The one he tagged as Valera was saying, “—I am a power too, General Maceda. The force of gunmen and youth gangs I have organized to carry out their attacks upon specified targets, these street vermin, owe their allegiance to me. I run the rackets in Manila, do you not understand that?”
“That may be true,” the other man, Maceda, countered, in a voice of unmoving coarseness, “but these units of, er, urban guerillas you were kind enough to organize, as you say, for us—”
“Urban guerillas? You mean burglars and murderers and rapists, don’t you? The scum of the streets.”
“A moment ago you were boasting of your command over such men.” Maceda snickered.
Cody knew this guy by the sound of his voice, too, though they had never met. It was the voice of a brutish savage used to enforcing his will, used to having others obey for fear of their lives.
Valera seemed no exception.
“I… do believe you, General,” the communist said in a conciliatory voice, a sigh of acceptance. “You have paid them more, is that it? Promised them more than Javier instructed me to offer them, so as to usurp what is mine. You wanted me out of the picture from the very beginning, I see now so clearly. And the New People’s Army?”
“I won’t say it again, Senator.” Maceda’s growl dropped to not-so-subtle a threat. “Walk out of that door, board that helicopter I have waiting for you, and carry out your part. You should already be on your way to Mindanao.”
“We were to take that helicopter together to meet with Javier. I see what you have in mind. It will be as was before. You people will have the country, we will be hunted and killed as we were before.”
“We,
Senator? You were born to rule. Too bad you picked the wrong side.”

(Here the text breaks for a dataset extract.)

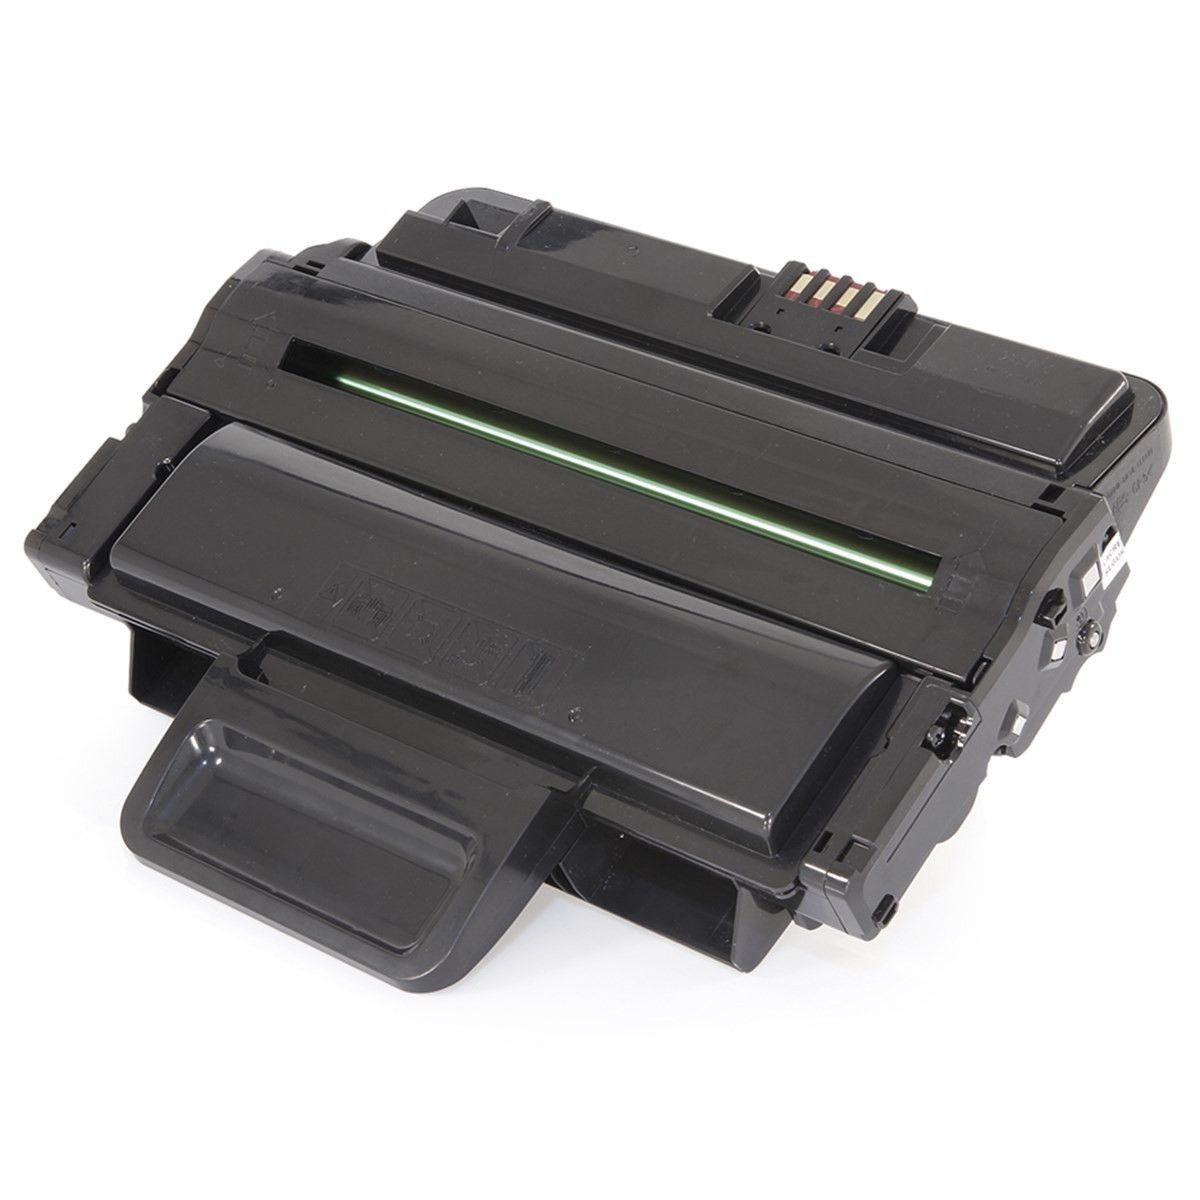 TONER COMPATÍVEL COM XEROX 3210 3220 106R01487 106R01486 Black 4.100 Páginas - Cartucho & Cia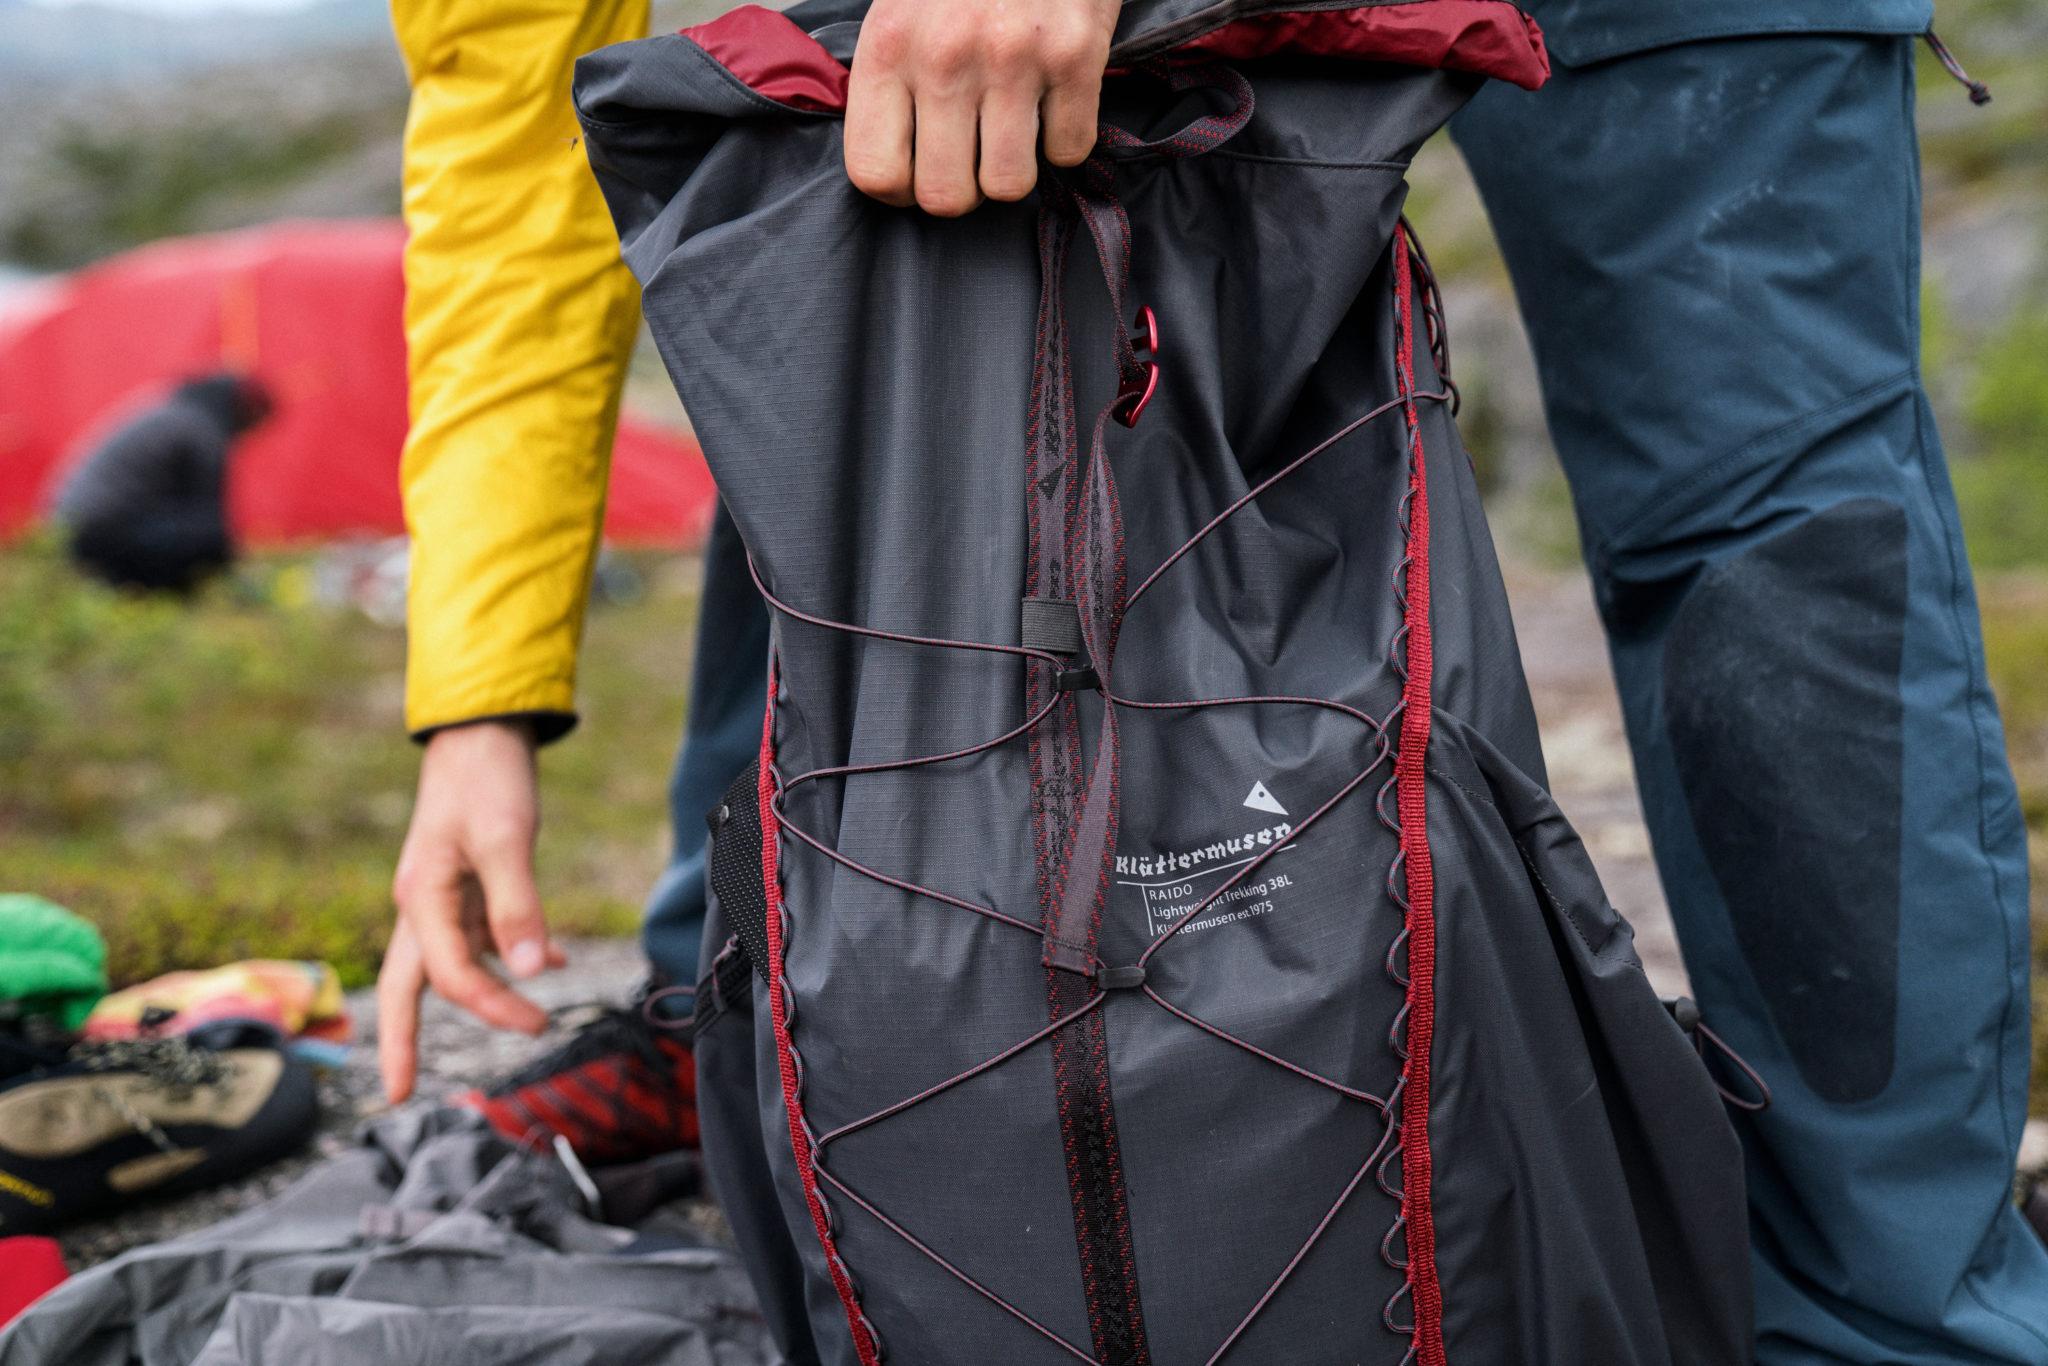 【登山裝備】背包防水塗層脫落怎麼辦?登山包保養教學

“And this time,” Valera went on in a thinking-aloud voice as the pieces fully fell together for him for the first time, “you will control my organization, too. You will be the government and you will be the black market. I think, General, that I would rather you killed me right here, in the home of my ancestors, if you have the courage to do your own dirty work.”

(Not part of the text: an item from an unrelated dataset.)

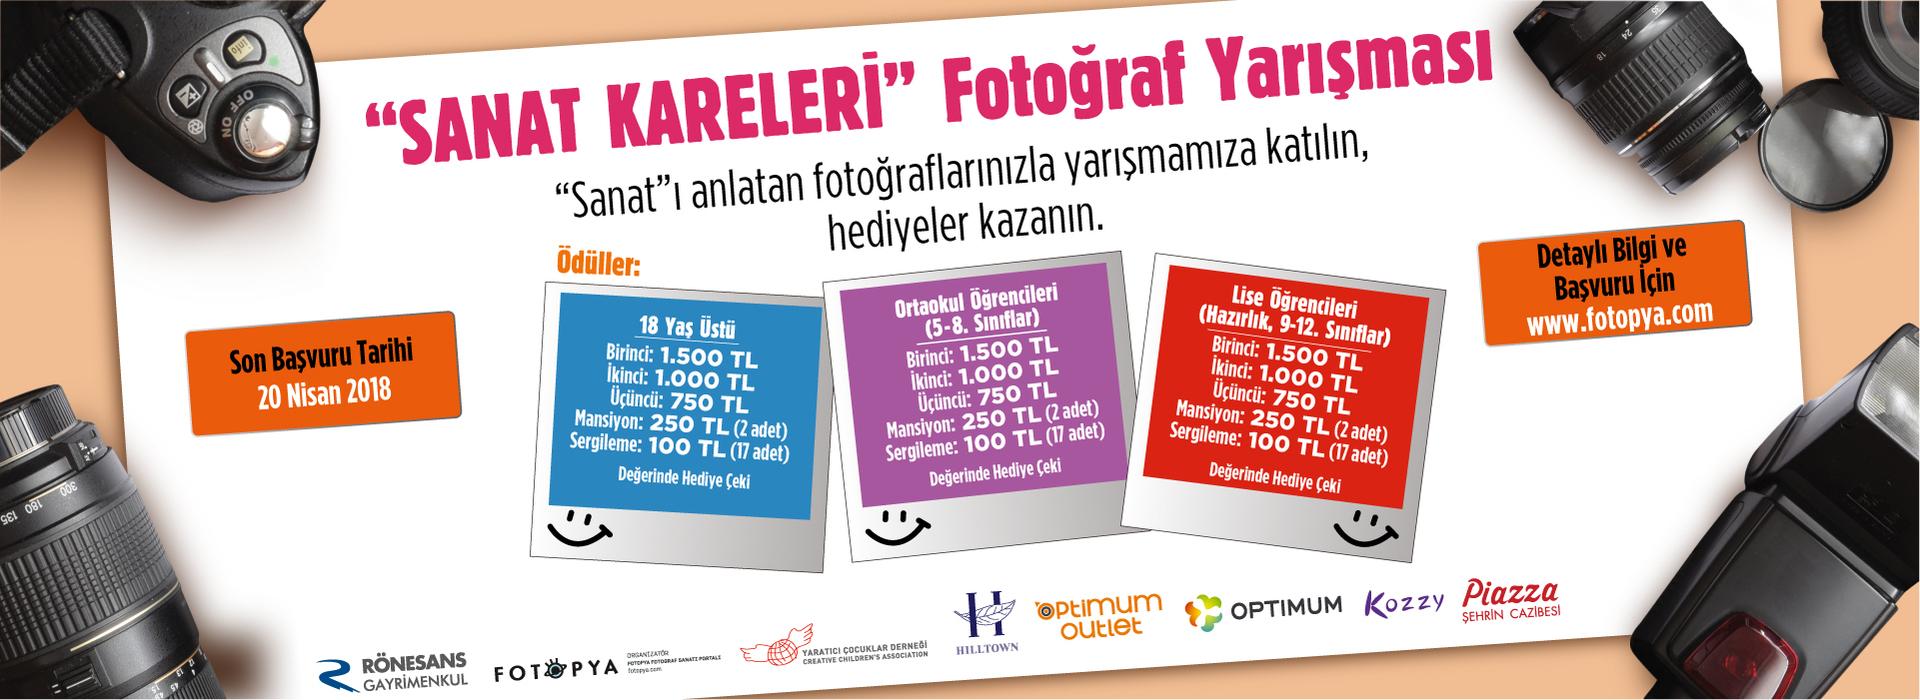 Sanat Kareleri Fotoğraf Yarışması

Maceda said, “Nothing I would like better, my pompous, hypocritical senator, but, unfortunately, it’s not according to plan. Mr. Javier has requested we reserve the privilege of dealing with you for him. But if you insist, I can tell him that you put up a struggle. That you—”
Cody left his piece of the wall and turned to plant himself squarely in the rectangle of light that fell upon the ground at his feet in the cold rain. He brought up the Ingram in target acquisition on the man in Filipino Army uniform who had been in the process of strutting around the far end of an ornate oak desk planted in the center of a library that reeked class and breeding—except for the men arguing in it.
Maceda had a Russian Tokarev pistol half-drawn from a flapped hip holster, the general closing in aggressively on the sixtyish fellow who cringed before a wingchair on the far side of the airy room.
Valera’s patrician features had grown jowly from age and amorality.
Maceda did not directly note the appearance of Cody and the Ingram searching for and finding a moving target, but the general did see the surprise in Valera’s eyes at something more than Maceda’s threat of harm.
Maceda forgot about Valera and completing his draw, and flung himself sideways from what he sensed more than actually saw. He did see the extended shadow of the Ingram plainly enough from the vaguely discerned combat figure out there in the rain beyond the screen door.
Cody squeezed the Ingram’s trigger.
Nothing.
Jammed!
A rare but ever-present possibility and the worst thing that could happen in combat unless you were the guy, like Maceda, who found himself cheating the fickle finger of fate.
Across the room, one side of a closed double oak door opened inward from the wall opposite the screen door. The Flip officer who had arrived with the crew in the personnel carrier minutes earlier walked in without knocking, obviously expected.